Reputation: 874
Below are two classes that control database tables using Code First Entity Framework (DbContext
).
public class Employee
{
[Key]
[DatabaseGenerated(DatabaseGeneratedOption.Identity)]
public int Id { get; set; }
public string EmployeeName { get; set; }
public int DepartmentId { get; set; }
public Department Department { get; set; }
}
--
public class Department
{
[Key]
[DatabaseGenerated(DatabaseGeneratedOption.Identity)]
public int Id { get; set; }
public string DepartmentName { get; set; }
}
If I retrieve the employees with the line below the navigation property for Department
is null:
var employees = _context.Employees.ToList();
However, if I first populate a separate variable with Departments
, like this ...
var departments = _context.Departments.ToList();
var employees = _context.Employees.ToList();
... Each employee in the employees
list contains the Department object.
My question:
What is best practice to populate the navigation property? I had imagined that Entity Framework would have done this by default and that the ToList()

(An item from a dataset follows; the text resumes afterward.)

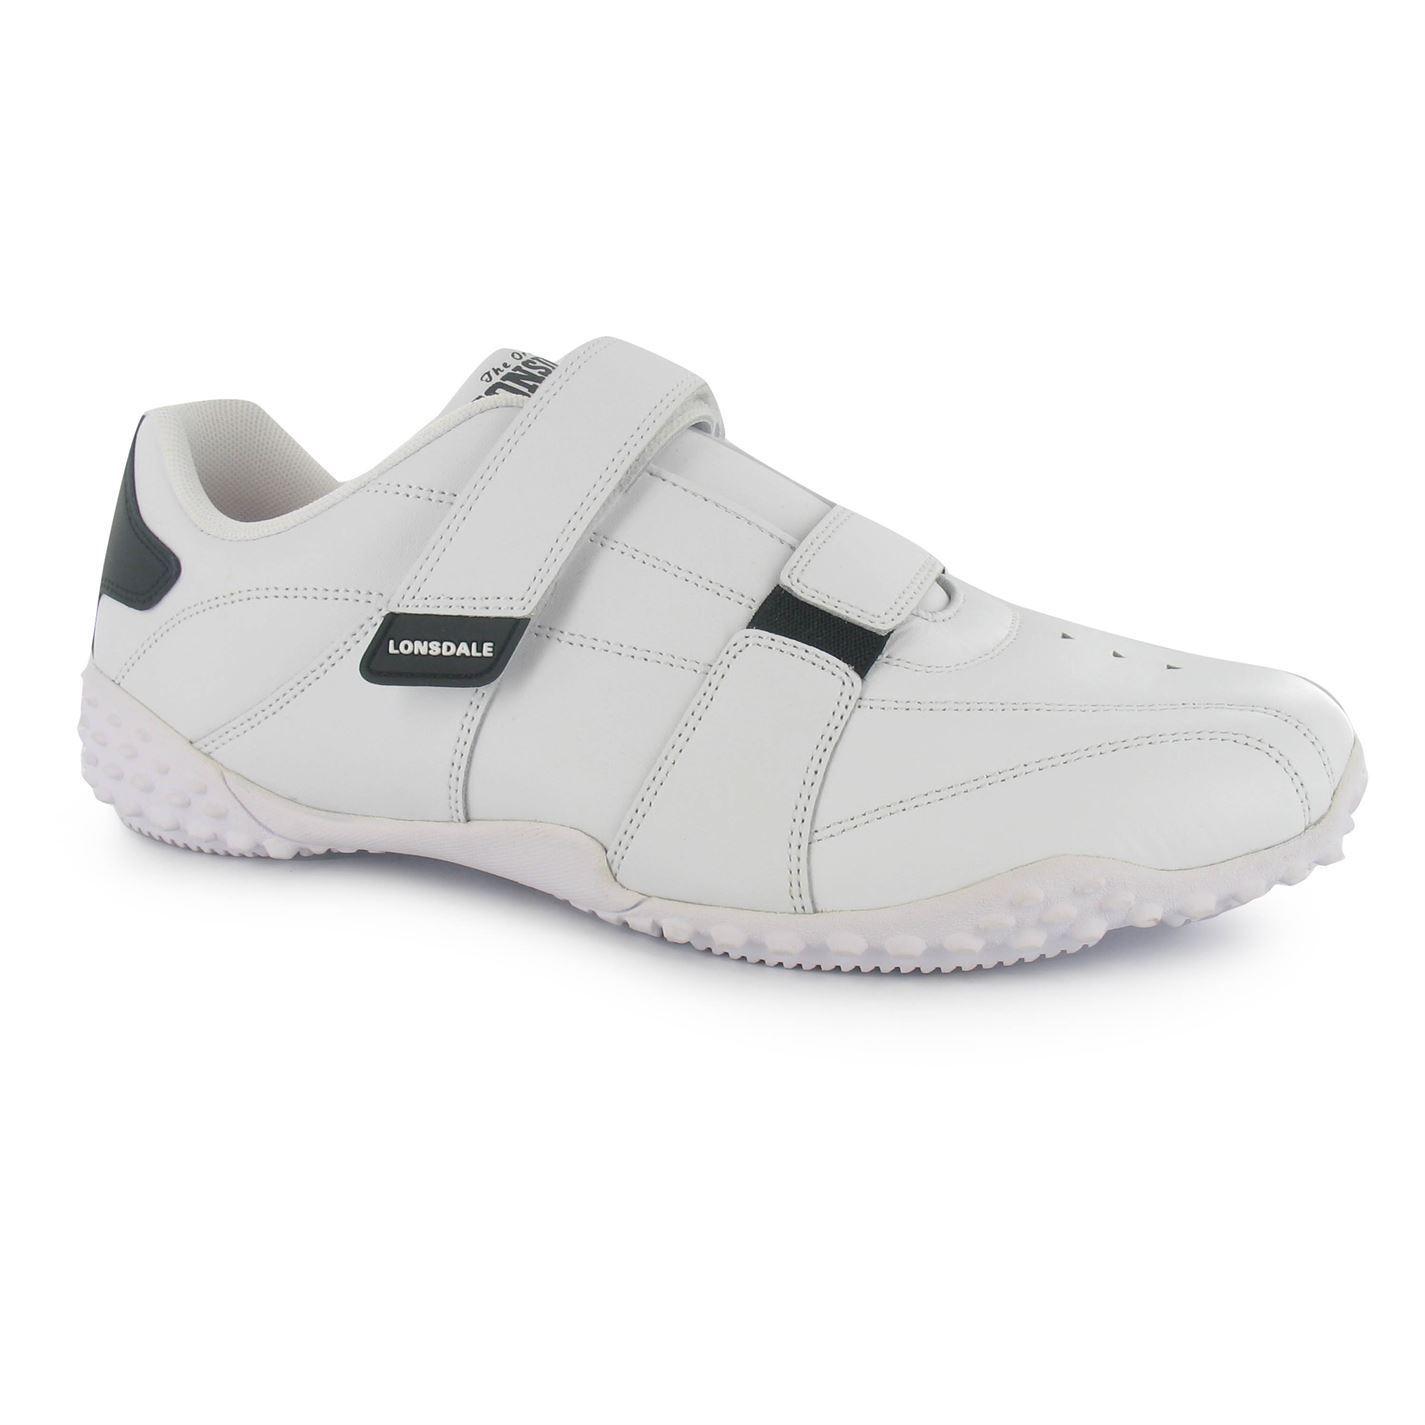 Lonsdale Fulham Zapatillas hombre para hombre Zapatillas Blanco/Negro Informal Tenis Zapatos Calzado 52a135

method would handle the lazy loading.
Upvotes: 3
Views: 4309
Reputation: 489
I solved my problem in EF Core 2.1 using UseLazyLoadingProxies:
protected override void OnConfiguring(DbContextOptionsBuilder optionsBuilder)
=> optionsBuilder
.UseLazyLoadingProxies();
You now need to manually specify that you want it enabled.
Upvotes: 2
Reputation: 64298
Reading the docs/roadmap you'd have realized that lazy loading is not yet supported in EF Core 1.0/1.1.
Currently only .Include
or eager loading is supported, both well documented in the documentation.
You must not assume that all features from EF 6 are available in EF Core. EF Core is a complete rewrite and do not include many of the features of EF6. If you need any of that stuff, you should keep using EF6 instead.
EF Core is good enough for most simple/basic ORM stuff, but even Microsoft recommends to use EF6 for production where you depend on these features.